Pictures stay out. Everything else in the entries is copied exactly.

==================================================

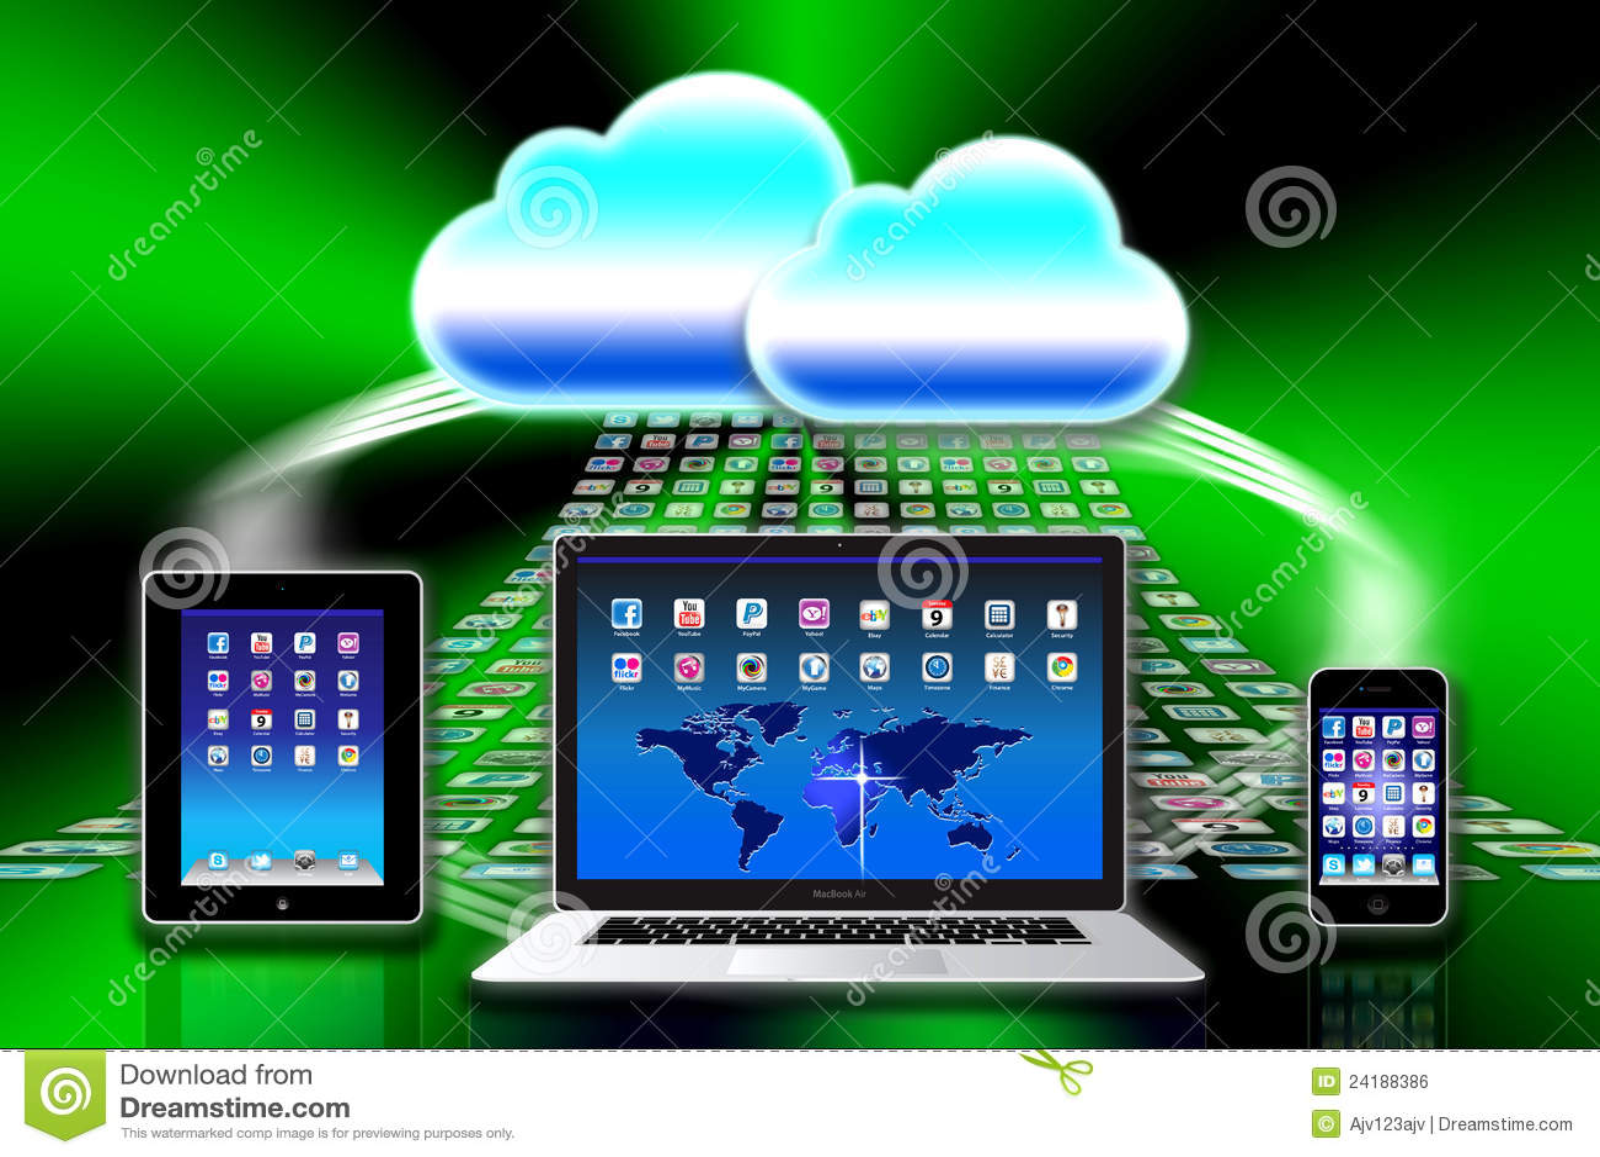 Apple Mac iCloud data apps
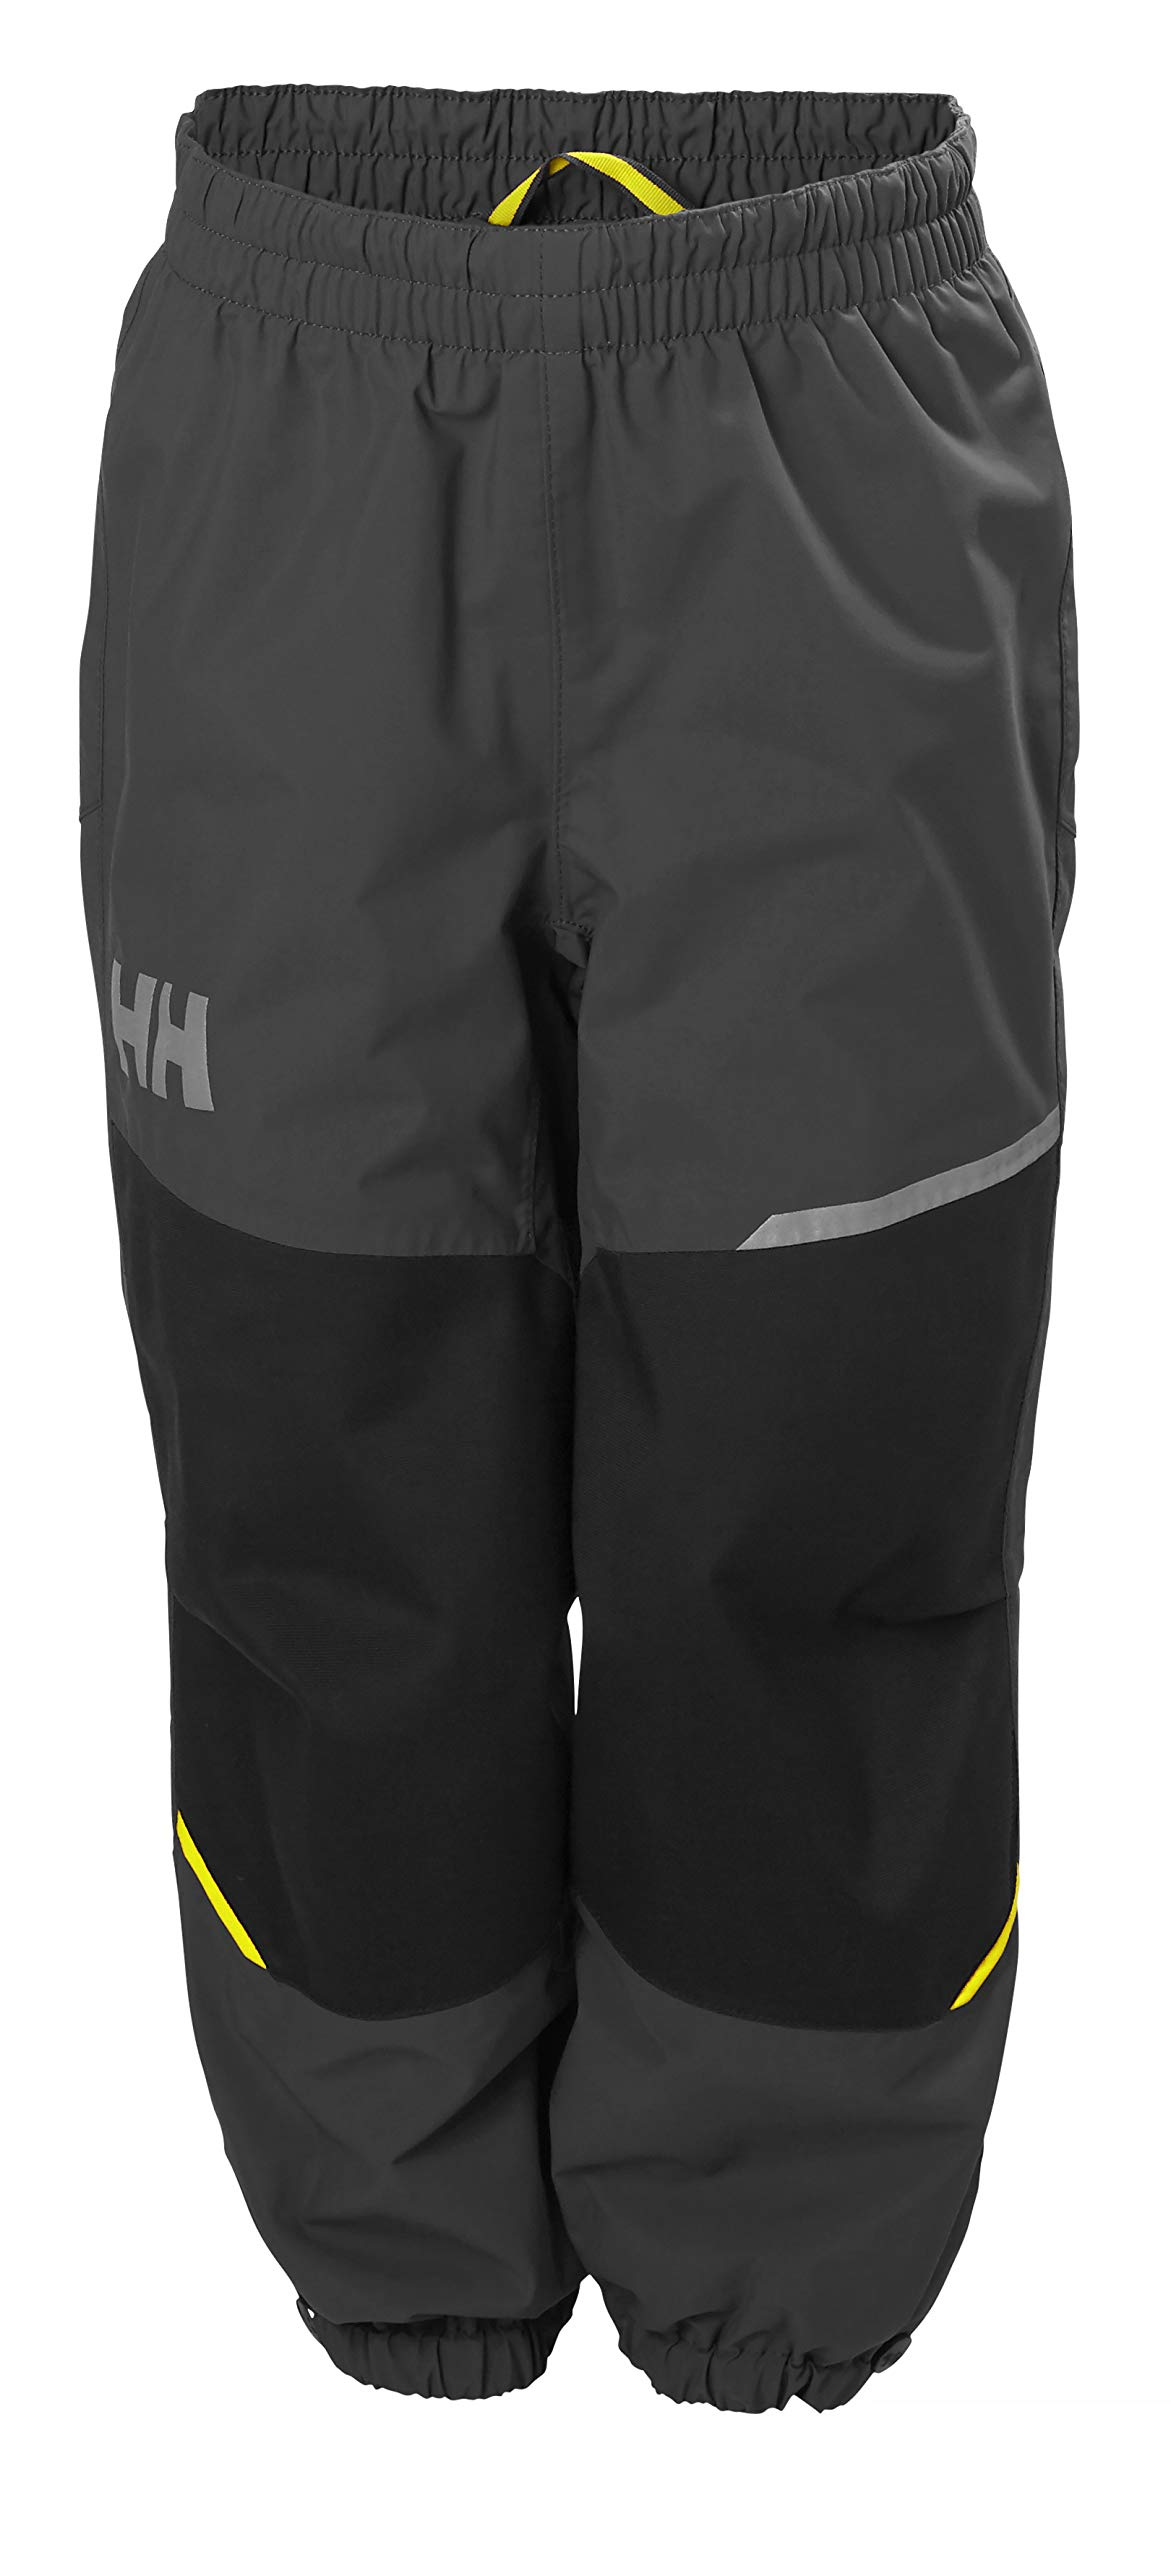 Helly Hansen Juniors Norse Waterproof Breathable Rain Pant, Ebony, Size 4 by Helly Hansen
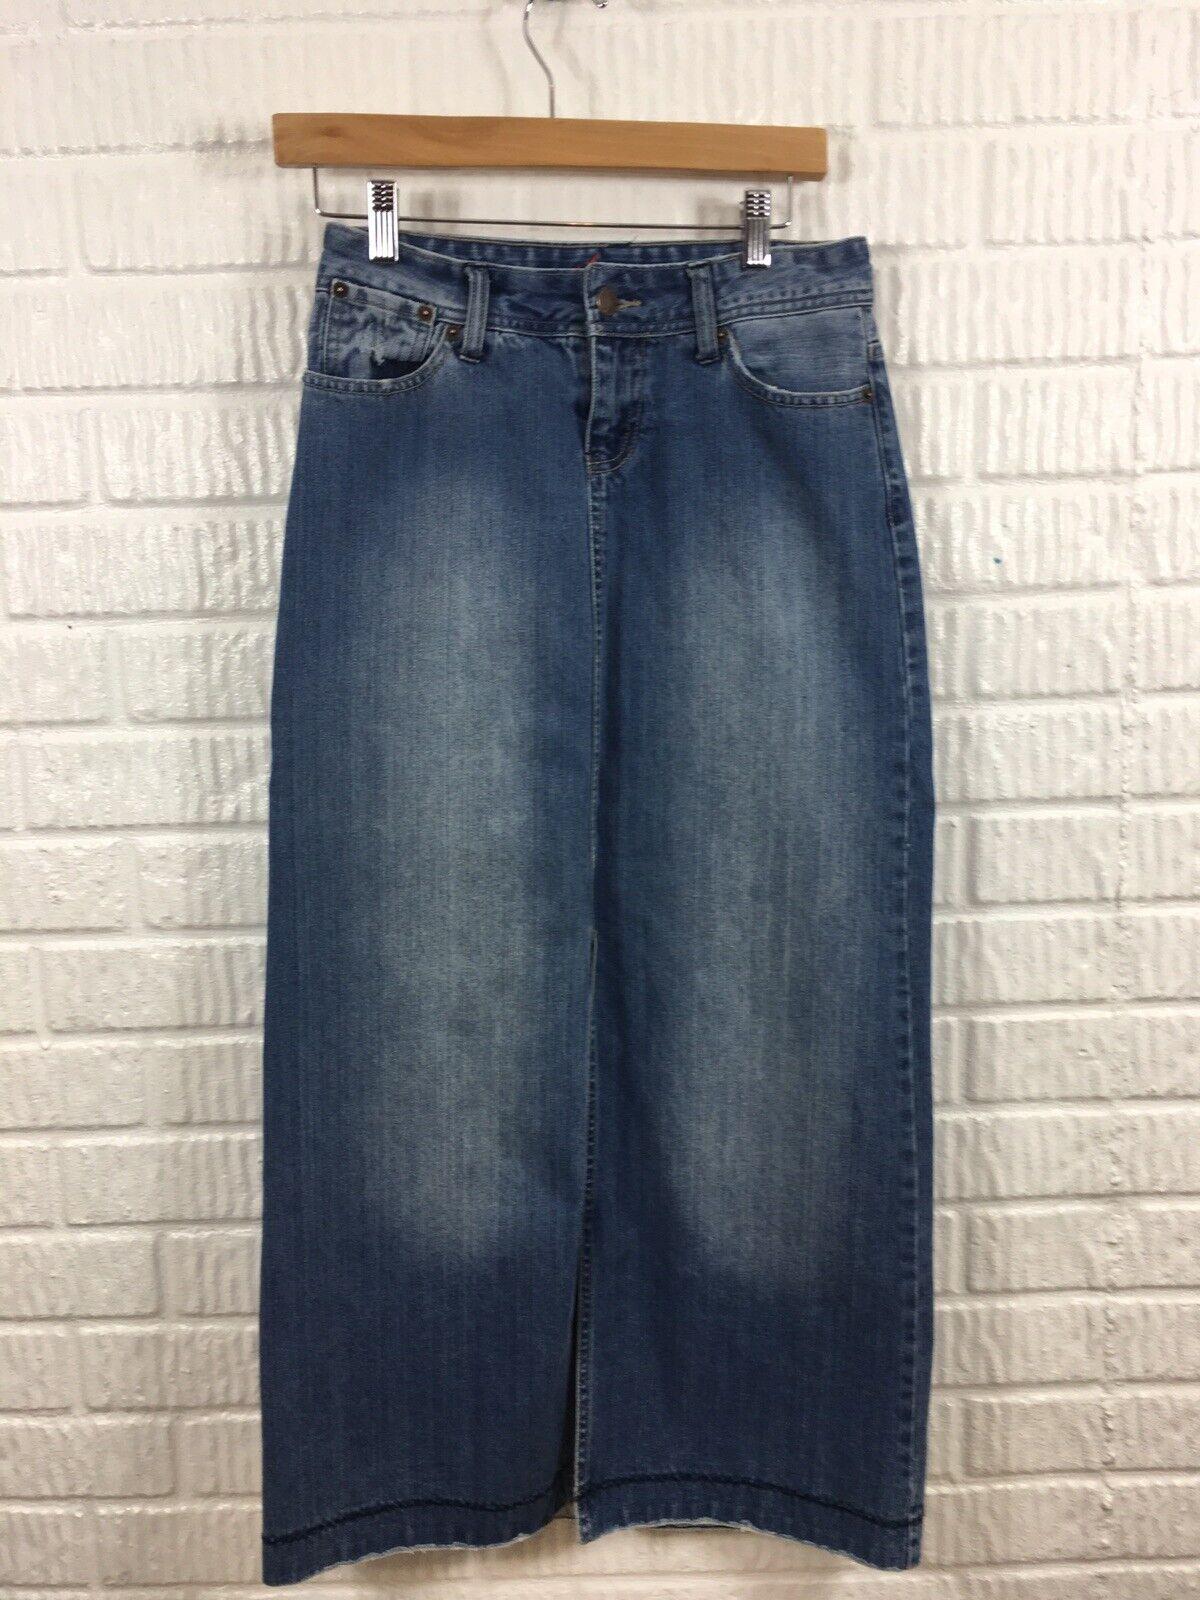 Maurices Long Denim Jean Skirt Size 3 4 EUC Modest Rare Front Slit
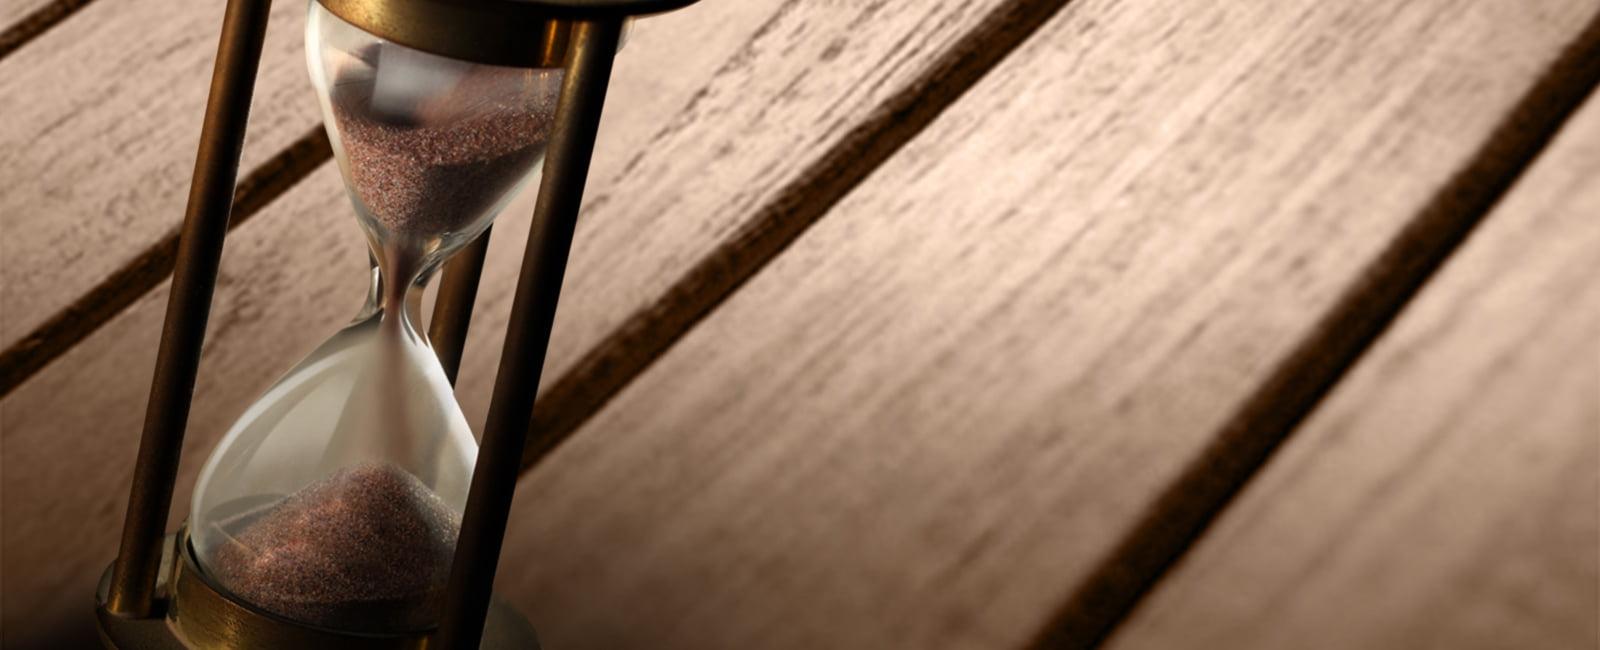 history plywood
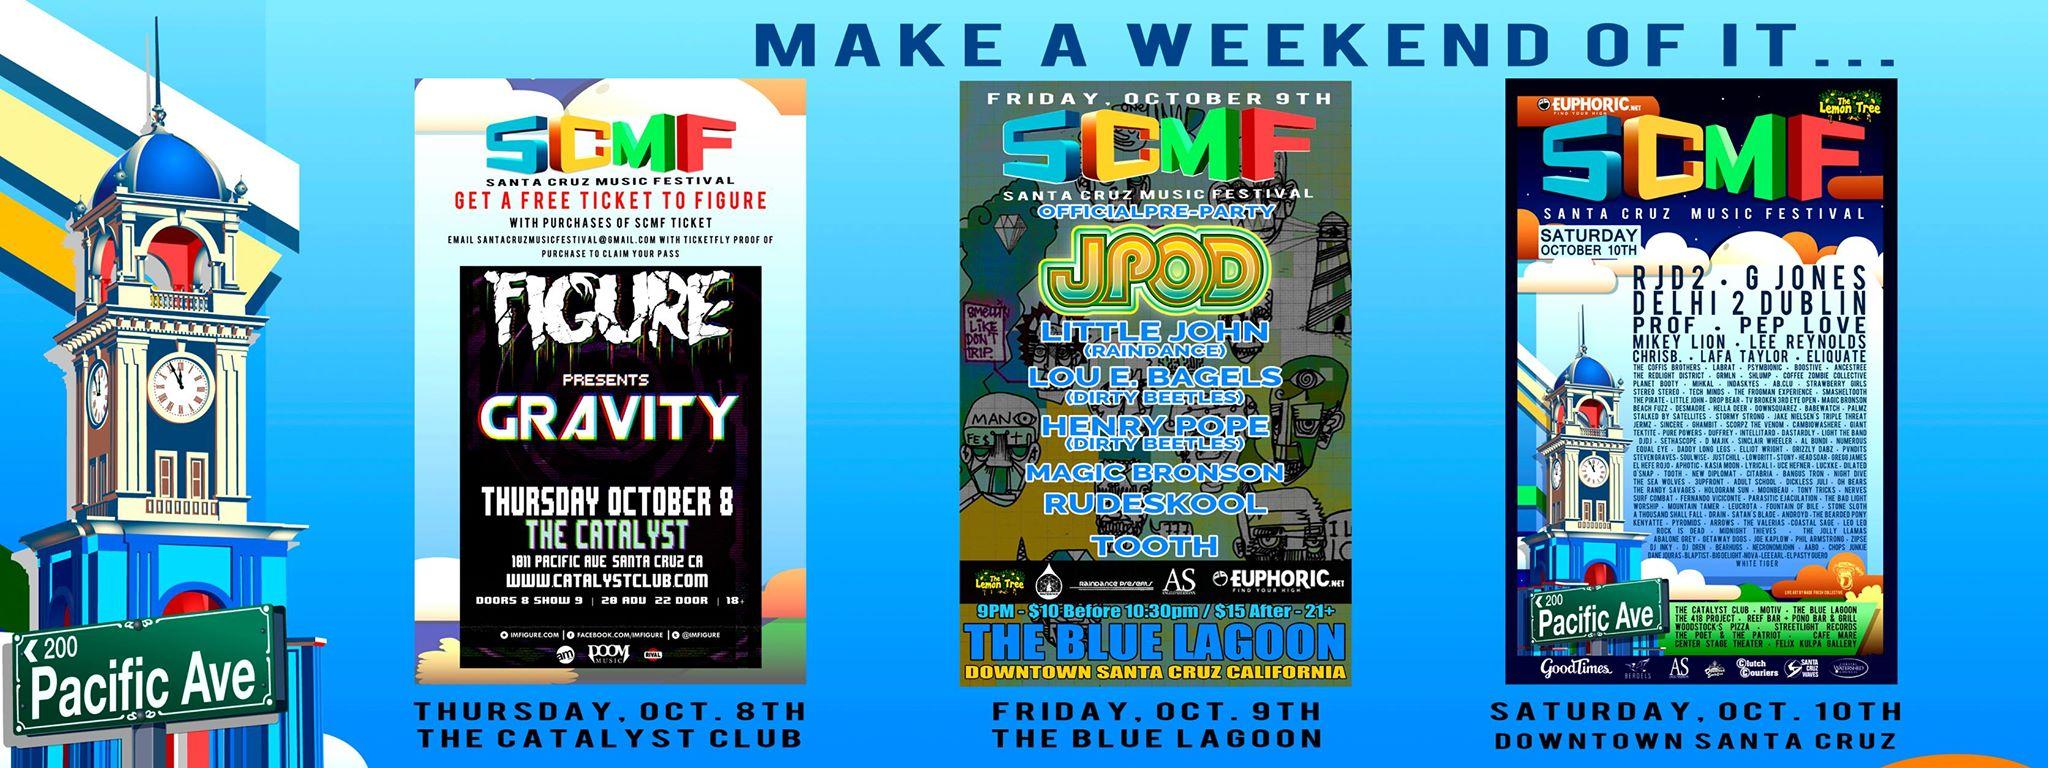 Santa Cruz Music Festival  (Santa Cruz, Ca.)

==================================================

Your solution:
 Apple Mac iCloud data apps
 Helly Hansen Juniors Norse Waterproof Breathable Rain Pant, Ebony, Size 4 by Helly Hansen
 Maurices Long Denim Jean Skirt Size 3 4 EUC Modest Rare Front Slit
 history plywood
 Santa Cruz Music Festival  (Santa Cruz, Ca.)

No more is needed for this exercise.